The Cologne Gypsy Camp (Schwarz-Weiß-Platz) was opened in May 1935, and acted as a model camp for other Zigeunerlager. It had spaces for Sinti and Roma families to bring their own caravans or to live in barracks. Those who received welfare payments were forced to live in the camp if they wished to keep them, but those who occupied private apartments were initially allowed to remain in the city. The site had limited facilities and was surrounded by a 2m high barbed wire fence, with an SS guard and local police monitoring it. By March 1937, up to 500 people, roughly half the local Romani population, lived in the camp.

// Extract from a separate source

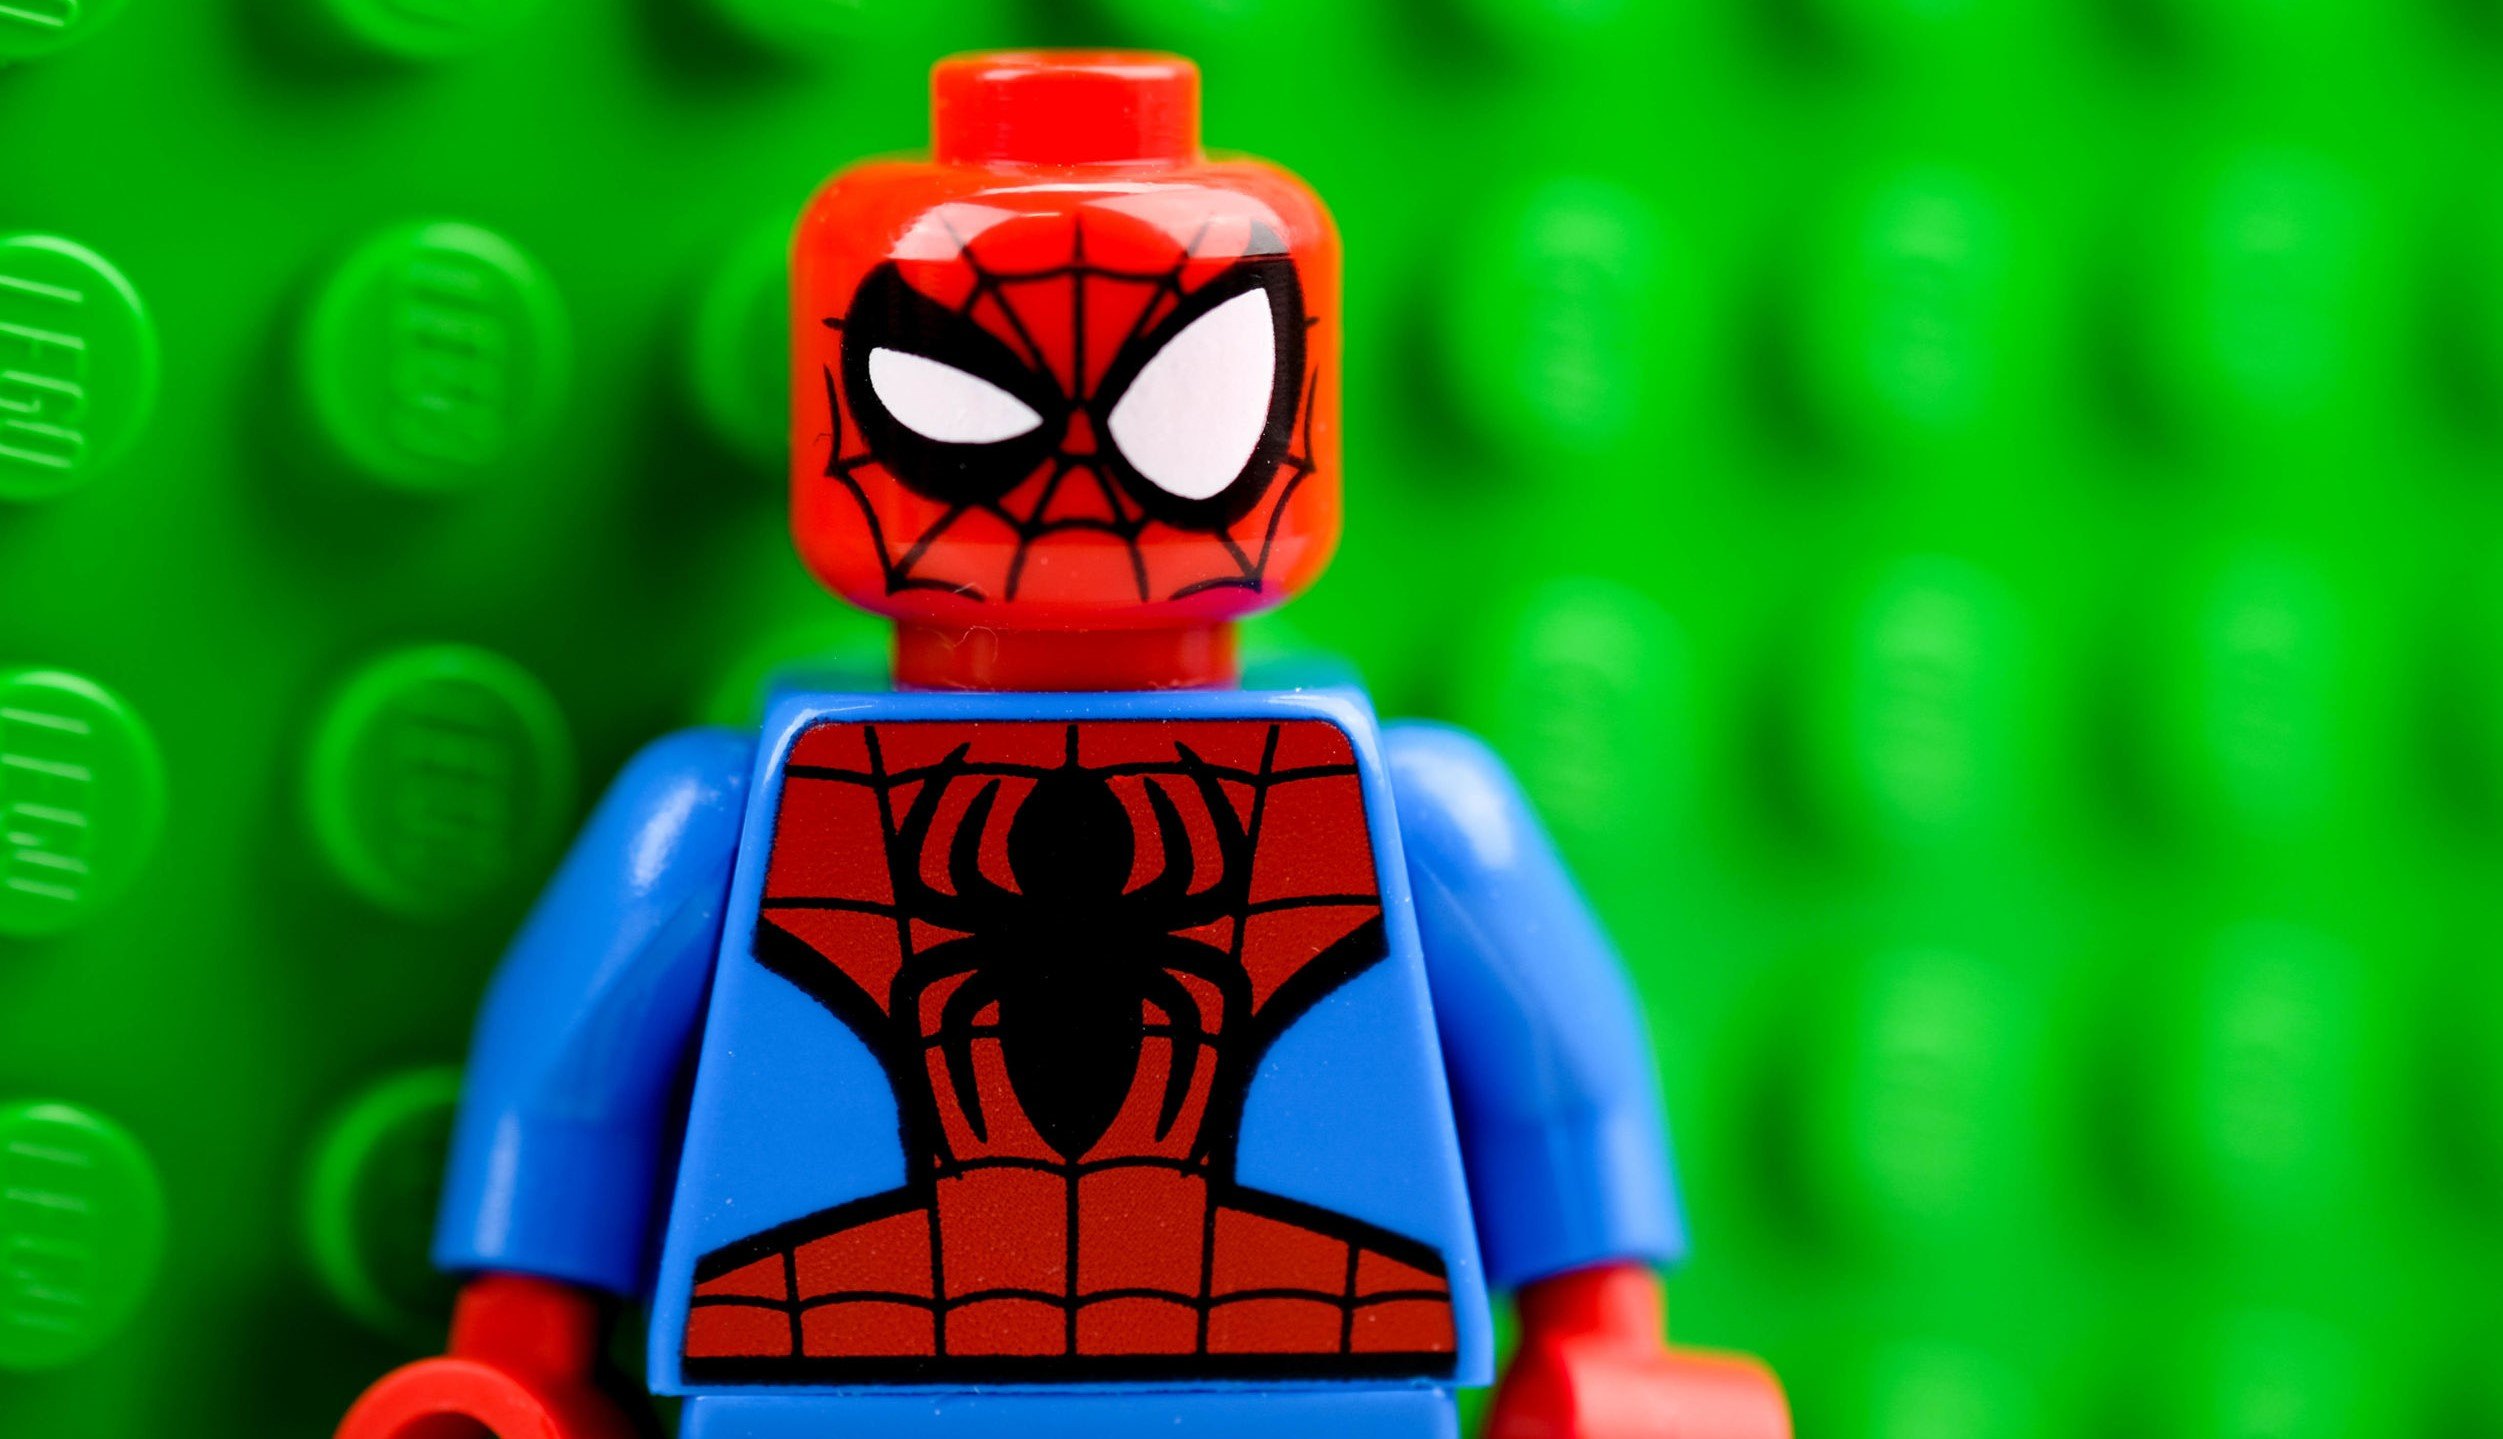 https://www.nerdfitness.com/wp-content/uploads/2015/02/lego-spider-man.jpg

The Berlin-Marzahn concentration camp started as a municipal Gypsy camp. It was established prior to the opening of the 1936 Berlin Olympics. On 16 July 1936, approximately 600 Gypsies were rounded up in the city and escorted to the suburb of Marzahn, to a site owned by the city which had previously been used to dispose of sewage. Those who did not live in caravans were housed in overcrowded barracks. By September 1938, the residents of the camp numbered 852. Lacking basic sanitation and electricity, disease was rampant, including diphtheria and tuberculosis, and in March 1939 it was measured that 40% of the inmates had scabies.

==Expansion==
Other Zigeunerlager were adapted from established camps and throughout Nazi occupied territories. The Lety Gypsy Camp was an internment camp for Roma and Sinti people in Bohemia that was formerly a disciplinary labour camp. In August 1942, following the "Decree on Combating the Gypsy Plague" enacted in the Protectorate of Bohemia and Moravia on 10 July 1942, the vast majority of prisoners were emptied from the labour camp and the camp was designated as Zigeunerlager 1. The new internees were also forced to undertake labour within and without the camp; only those under the age of three were not assigned work tasks. Conditions were poor, with approximately 327 people of the 1,300 camp population dying from disease and malnutrition. The camp was guarded by former Czech gendarmes. By August 1943, the survivors of the camp were transported to Auschwitz "where almost all were murdered".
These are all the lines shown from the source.